2021 Call for Code Awards: Live from New York, with SNL’s Colin Jost! Learn more

Fabric for Deep Learning (FfDL)

Deep learning frameworks such as TensorFlow, PyTorch, Caffe, Torch, Theano, and MXNet have contributed to the popularity of deep learning by reducing the effort and skills needed to design, train, and use deep learning models. Fabric for Deep Learning (FfDL, pronounced “fiddle”) provides a consistent way to run these deep-learning frameworks as a service on Kubernetes.

The FfDL platform uses a microservices architecture to reduce coupling between components, keep each component simple and as stateless as possible, isolate component failures, and allow each component to be developed, tested, deployed, scaled, and upgraded independently. Leveraging the power of Kubernetes, FfDL provides a scalable, resilient, and fault tolerant deep-learning framework.

The platform uses a distribution and orchestration layer that facilitates learning from a large amount of data in a reasonable amount of time across compute nodes. A resource provisioning layer enables flexible job management on heterogeneous resources, such as GPUs and CPUs on top of Kubernetes.

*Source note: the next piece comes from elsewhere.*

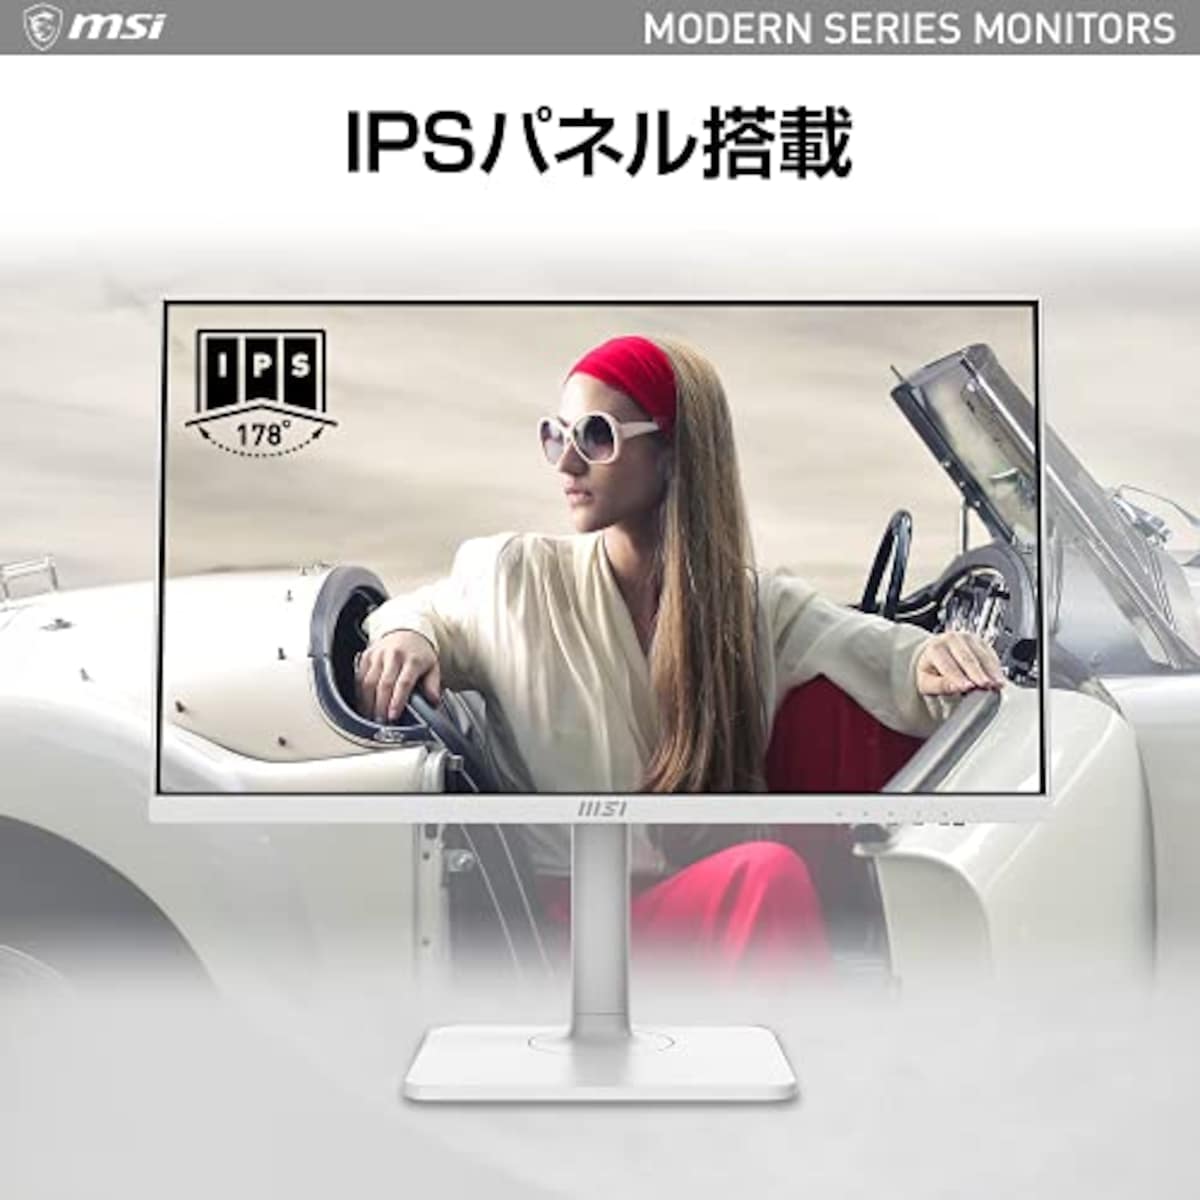  【Amazon.co.jp限定】 MSI Modern MD241PW モニター 薄型 IPSパネル スピーカー搭載 フルHD/23.8インチ/HDMI/USB Type-C/ブルーライトカット/アンチフリッカー/VESA対応/ピボット・角度・高さ調整/3年保証画像3

The diagram below shows the basic architecture of the Fabric for Deep Learning project.

FfDL project diagram

FfDL uses REST APIs to access multiple deep learning libraries. Based on a microservices architecture, users can deploy FfDL by launching a single command, or follow detailed instructions using Helm charts which show each step of the entire deployment process.

Once deployed, there are four steps that users perform to use FfDL:

  1. Prepare their deep learning model
  2. Upload the model and training data
  3. Start the training job and monitor its progress
  4. Download the trained model once the training job is complete

Why FfDL?

Efficiently training large neural network models in scalable cloud infrastructures is of great importance as the use of machine learning and deep learning continues to grow. Machine learning workloads have traditionally been run in high-performance computing (HPC) environments, where users log in to dedicated machines and use the attached GPUs to run jobs that train models on huge datasets. Providing a similar user experience in a multitenant cloud environment can present unique challenges regarding fault tolerance, performance, and security. The FfDL project tackles these challenges by offering a deep learning stack that was specifically designed for on-demand cloud environments.

With FfDL, you can choose the deep-learning framework that your developers are most comfortable with. Leveraging the power of Kubernetes, FfDL provides a scalable, resilient, and fault tolerant deep-learning framework.

Why should I contribute?

We want to provide developers with a common deep learning platform across different cloud platforms. If you want to simplify machine learning development for users in your cloud platform or within your organization, you should contribute to FfDL by testing and adding support for your Kubernetes offerings, as well as missing deep learning engines. By contributing to FfDL, you’ll gain a better understanding of the technologies and infrastructure required for successfully developing, deploying, and managing microservices.